In der jüngsten Veröffentlichung von Hans Joas geht es zunächst ganz bewusst um die Schwierigkeiten mit Blick auf das Selbstverständnis und die gesellschaftliche Bedeutung der Kirchen. Erst im letzten Kapitel kommt er zu einem zusammenfassenden Urteil, warum ein moralisierendes Auftreten der Kirchen scheitern muss.
Zuvor analysiert der Soziologe kritisch die Vorhaben wie die umgesetzten Reformen des Zweiten Vatikanums, die einen viel beschworenen neuen Geist in der Kirche hervorgebracht haben, ohne aber bei der institutionellen Umsetzung die Versprechen halten zu können. Joas spricht an dieser Stelle von einer „organisatorischen Trägheit", die es verboten hat, die Korrekturen an der Lehre gegen die Tradition der Kirche und mit ihrer Hierarchie auch ekklesiologisch umzusetzen. Das Selbstverständnis der Kirche stehe zudem bis heute in der Gefahr der Selbstsakralisierung, was einen wechselseitigen Lernprozess mit der aktuellen Umwelt und Gesellschaft erschwere, so Joas.

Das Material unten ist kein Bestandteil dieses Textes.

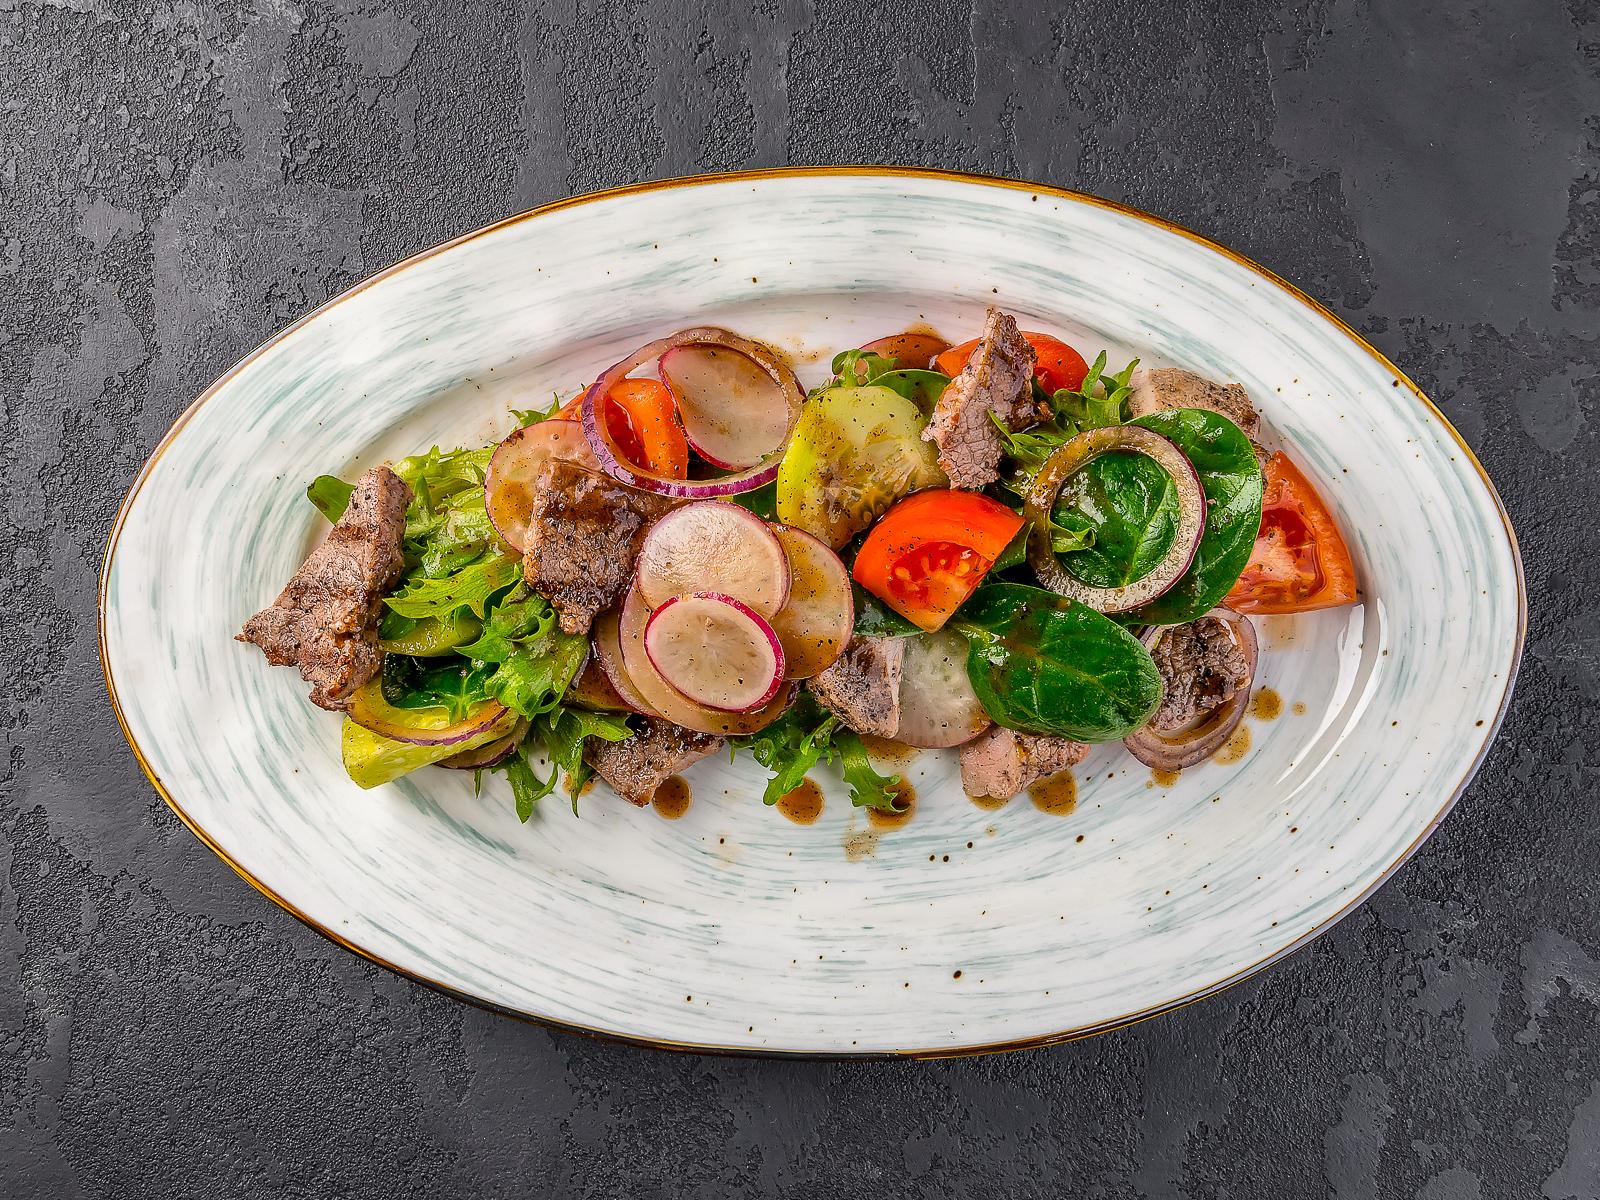 Салат С говядиной и перечным соусом

Mit Blick auf die Gegenwart, die der Autor als „Welt der Optionen" beschreibt, geht Joas auch von einer Optionalität des Glaubens aus. Daraus entstehe ein „echter Pluralismus", dem die Kirchen mit ihrem universalistischen Anspruch auch konkret Rechnung tragen müssten, wenn sie weiterhin von Bedeutung sein wollen.
Das tun sie bisher zu wenig, sie ziehen sich vielmehr auf ihre universalistische Moral zurück und werden damit zur Moralagentur. Insbesondere in der Beziehung zum Staat liefere die Selbstdeutung als moralische Instanz eine schwache Daseinsberechtigung, urteilt Joas. „Mit dieser Konzentration auf Moral wird aber nicht nur der Eigencharakter des Religiösen verfehlt, sondern auch der des Politischen". Letztlich ginge es heute mehr denn je um die Frage nach dem angemessenen Verständnis von Kirche in unserer Zeit. Und dieses Verständnis sei weder in der Selbstsakralisierung noch in der Selbstreduzierung als Moralagentur für die Gesellschaft zu finden. Ein möglicher Weg für eine erneuerte Rolle der Kirche in der Gesellschaft wird im Fazit nur angedeutet: Es brauche eine Weltkirche, die der „Welt der Optionen" Rechnung trägt und Kirche in der Pluralität erlebbar macht.